You'll first need to format the first partition, using:
\begin{verbatim}
-sudo mkfs.vfat -F 16 -n boot /dev/sdb1
+sudo mkfs.vfat -F 16 -n boot /dev/mmcblk0p1
\end{verbatim}
It will create a new FAT16 partition, called \code{boot}. Remove and
diff --git a/labs/sysdev-kernel-cross-compiling/sysdev-kernel-cross-compiling.tex b/labs/sysdev-kernel-cross-compiling/sysdev-kernel-cross-compiling.tex
index 186b290..e0261c6 100644
--- a/labs/sysdev-kernel-cross-compiling/sysdev-kernel-cross-compiling.tex
+++ b/labs/sysdev-kernel-cross-compiling/sysdev-kernel-cross-compiling.tex
@@ -165,10 +165,25 @@ bootz 0x21000000 - 0x22000000
\end{verbatim}
Write a U-Boot script that automates the DTB + kernel download
-and flashing procedure. Finally, using \code{editenv bootcmd},
-adjust \code{bootcmd} so that the Xplained board boots
+and flashing procedure.
+
+You are now ready to modify \code{bootcmd} to boot the board
+from flash. But first, save the settings for booting from \code{tftp}:
+
+\begin{verbatim}
+setenv bootcmdtftp ${bootcmd}
+\end{verbatim}
+
+This will be useful to switch back to \code{tftp} booting mode
+later in the labs.
+
+Finally, using \code{editenv bootcmd},
+adjust \code{bootcmd} so that the Xplained board starts
using the kernel in flash.
Now, reset the board to check that it boots
-fine from NAND flash. Check that this is really your own version of
-the kernel that's running.
+in the same way from NAND flash. Check that this is really your own version of
+the kernel that's running\footnote{Look at the kernel log. You will find
+the kernel version number as well as the date when it was compiled.

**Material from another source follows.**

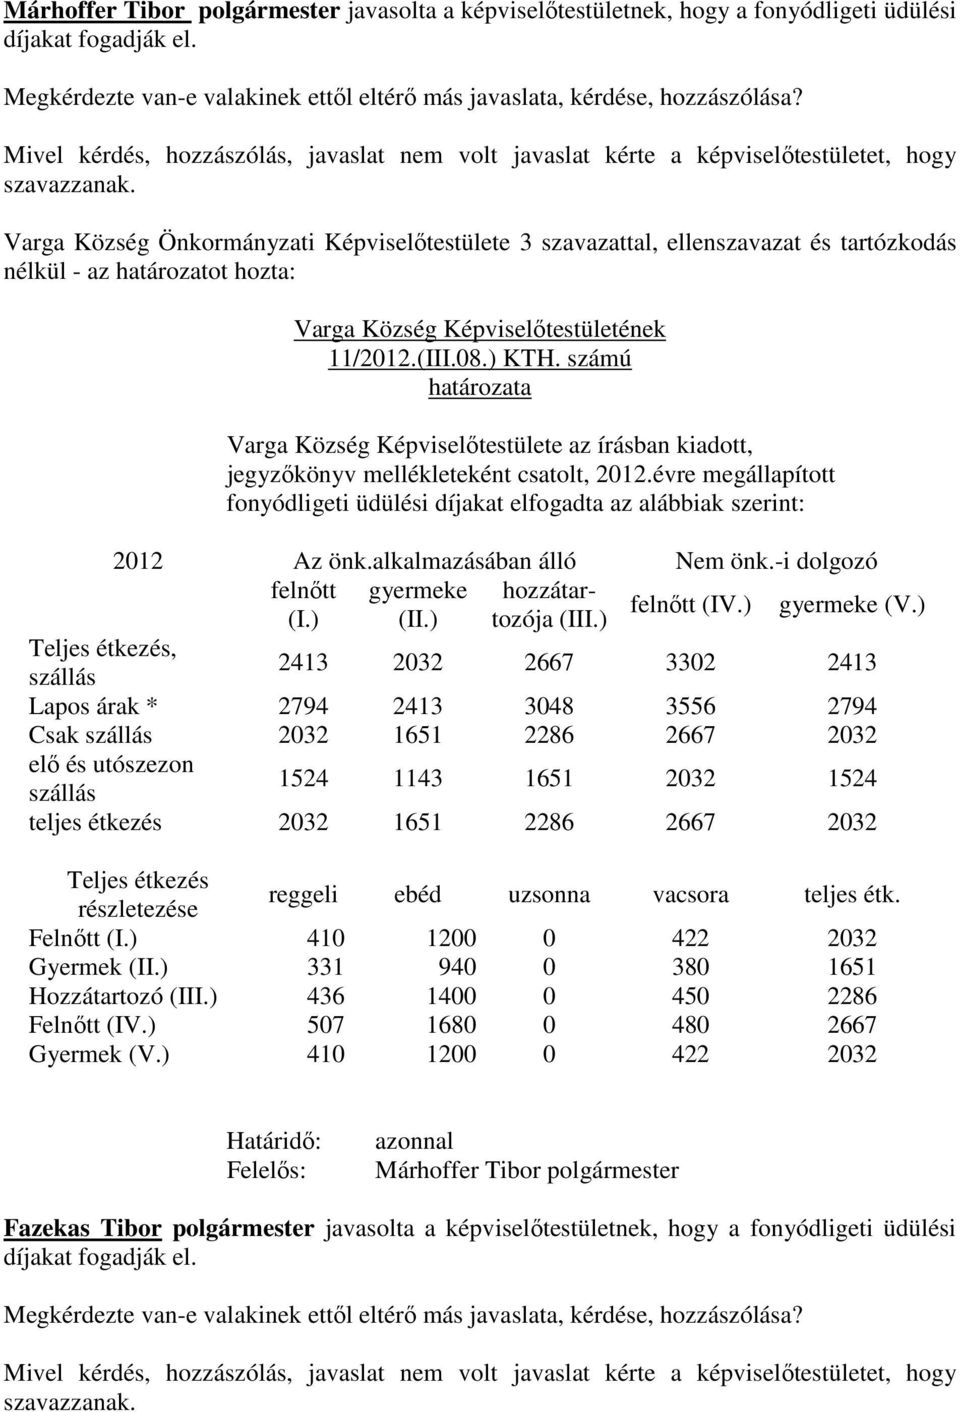 Varga Község Önkormányzati Képviselőtestülete 3 szavazattal, ellenszavazat és tartózkodás nélkül - az határozatot hozta: Varga Község Képviselőtestületének 11/2012.(III.08.) KTH.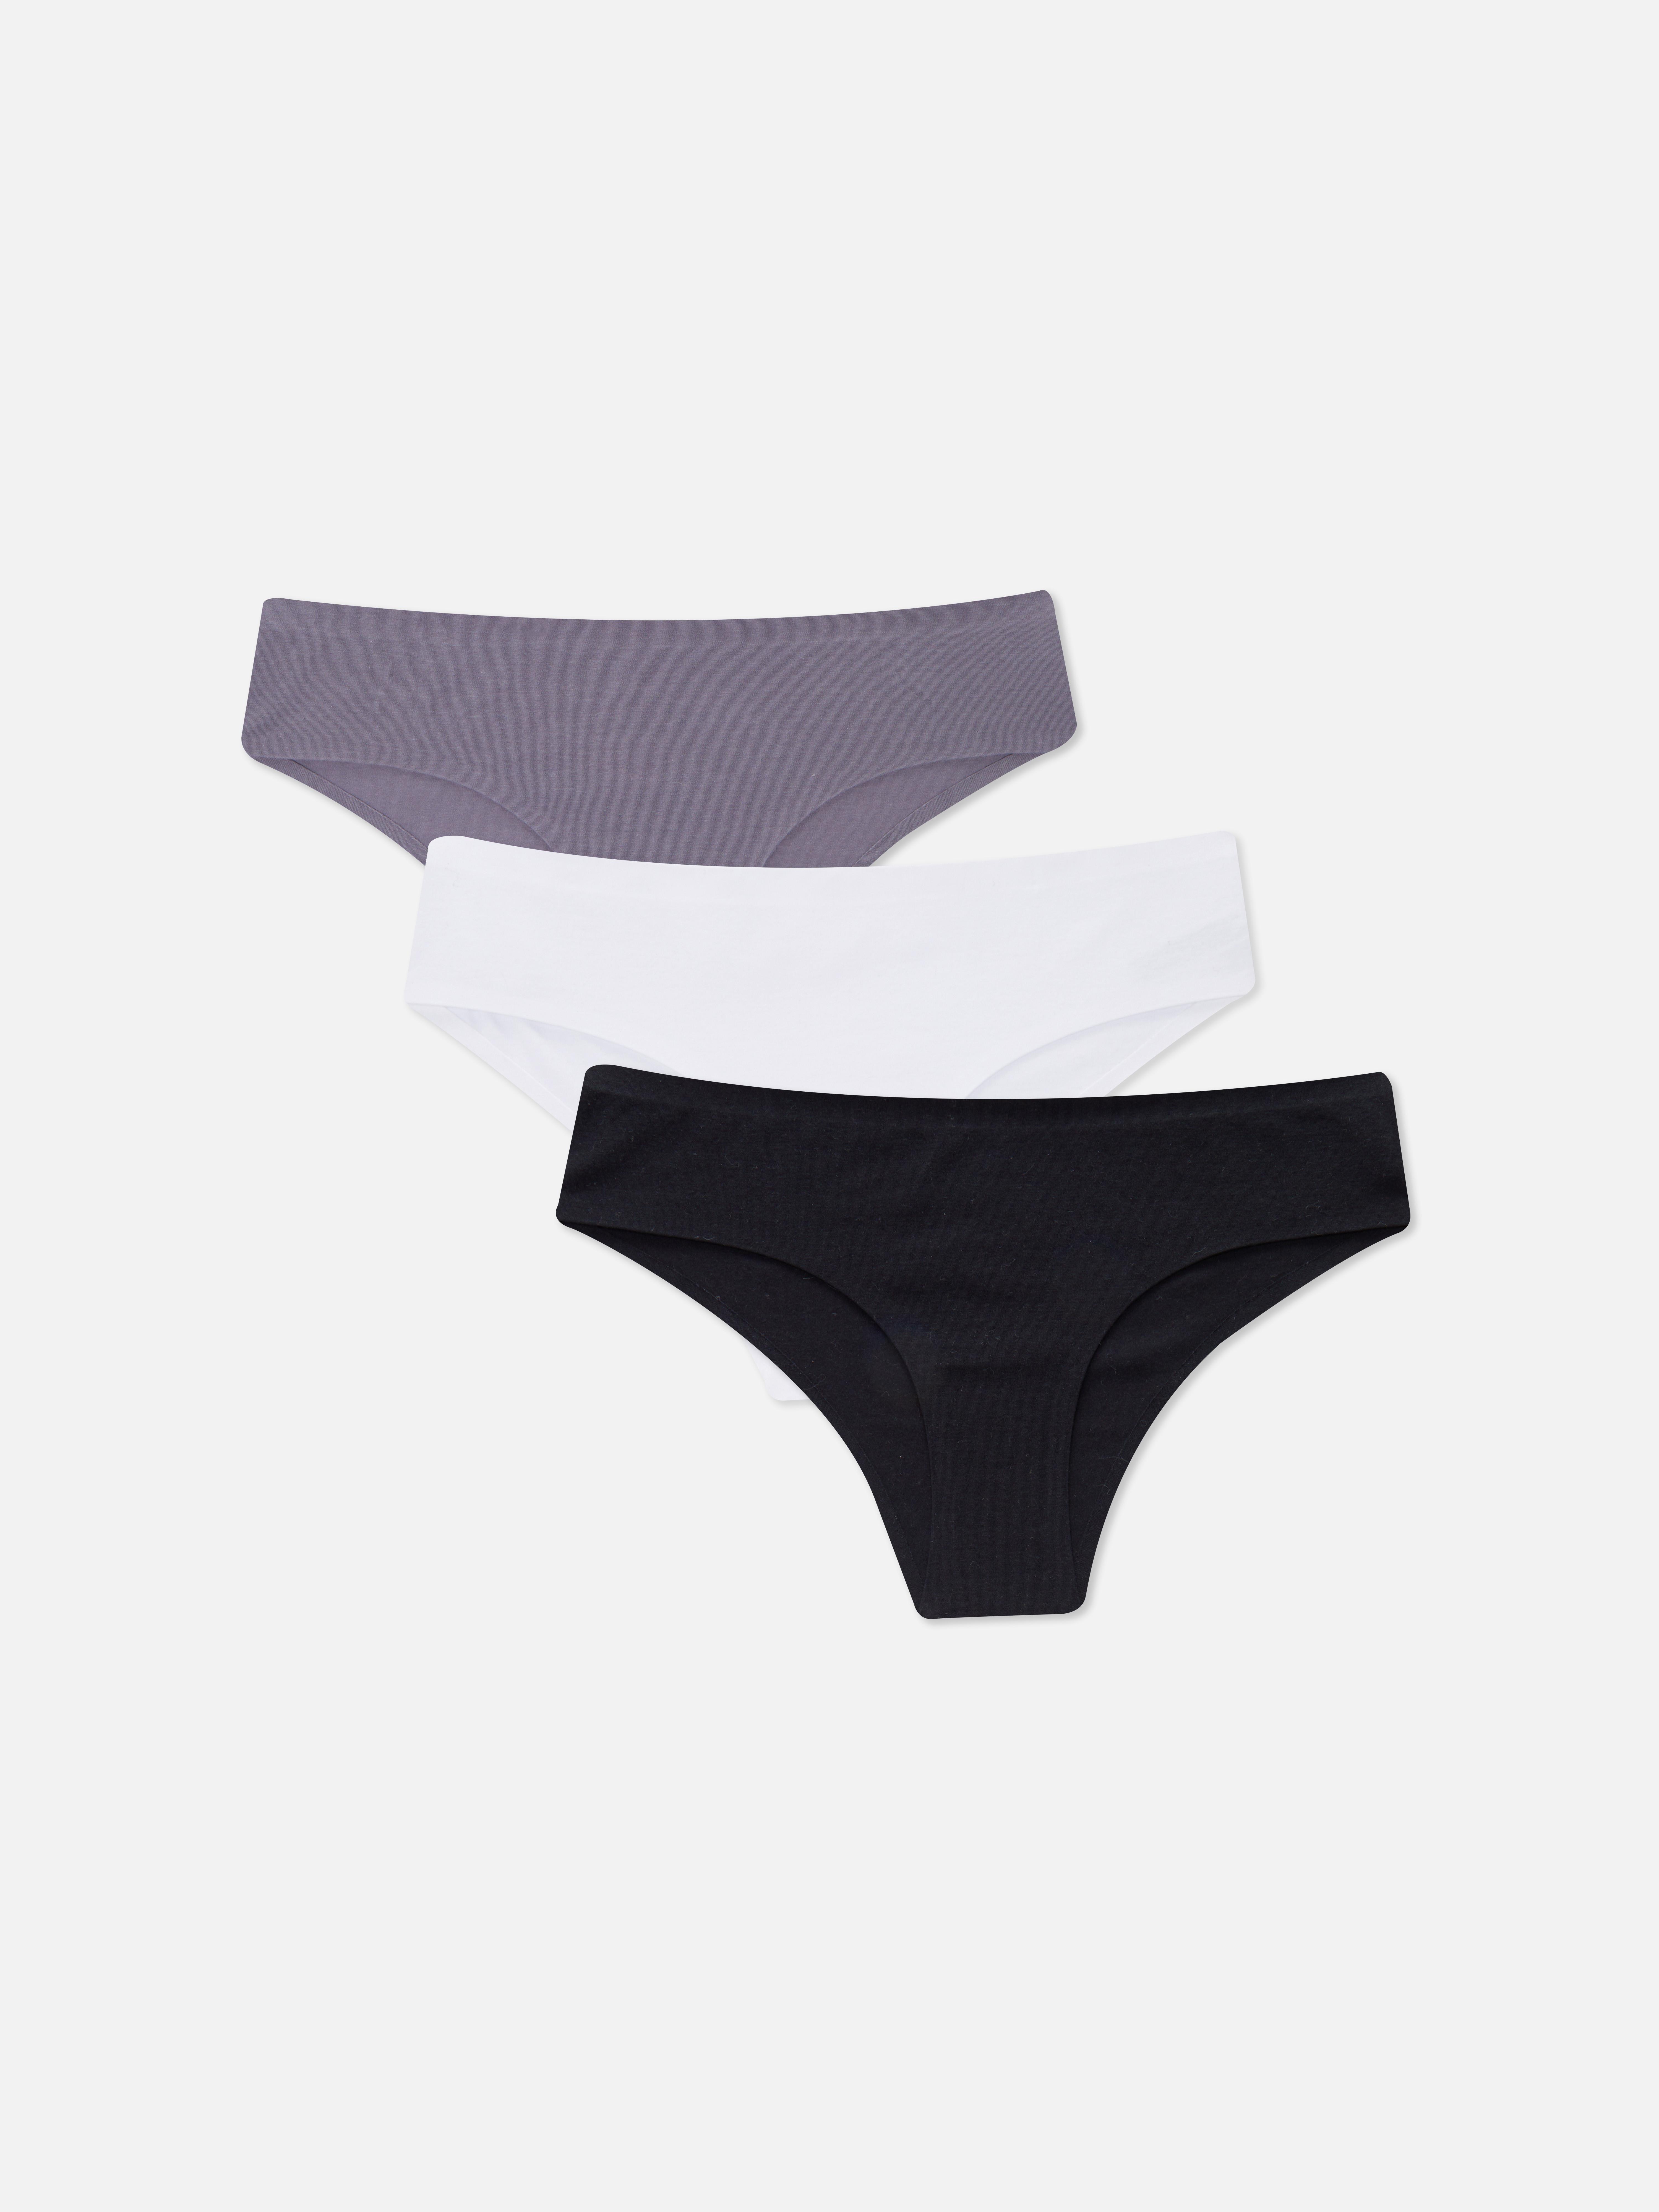 Primark Lacy Black Boyshort/Panties/Underwear-Ladies-Girls-Women

+That's very useful to check that you're not loading an older version
+of the kernel instead of the one that you've just compiled.}
diff --git a/labs/sysdev-tinysystem/sysdev-tinysystem.tex b/labs/sysdev-tinysystem/sysdev-tinysystem.tex
index f3f2637..2c4a779 100644
--- a/labs/sysdev-tinysystem/sysdev-tinysystem.tex
+++ b/labs/sysdev-tinysystem/sysdev-tinysystem.tex
@@ -98,7 +98,7 @@ Now, boot your system. The kernel should be able to mount the root
filesystem over NFS:
\begin{verbatim}
-VFS: Mounted root (nfs filesystem) on device 0:13.
+VFS: Mounted root (nfs filesystem) on device 0:14.
\end{verbatim}
If the kernel fails to mount the NFS filesystem, look carefully at the
diff --git a/labs/sysdev-u-boot/sysdev-u-boot.tex b/labs/sysdev-u-boot/sysdev-u-boot.tex
index 689e70c..ca9647f 100644
--- a/labs/sysdev-u-boot/sysdev-u-boot.tex
+++ b/labs/sysdev-u-boot/sysdev-u-boot.tex
@@ -132,7 +132,8 @@ going to need a few pieces of information for this:
You can get the list of the supported boards by listing the
\code{board} directory. You'll see that in each of these folders, we
have a bunch of \code{defconfig} files, that are the supported
-combinations. In our case, we will load U-Boot, from NAND flash
+combinations. In our case, using the Atmel SAMA5D3 Xplained
+board, we will load U-Boot, from NAND flash on
(\code{nf} in the \code{defconfig} file names).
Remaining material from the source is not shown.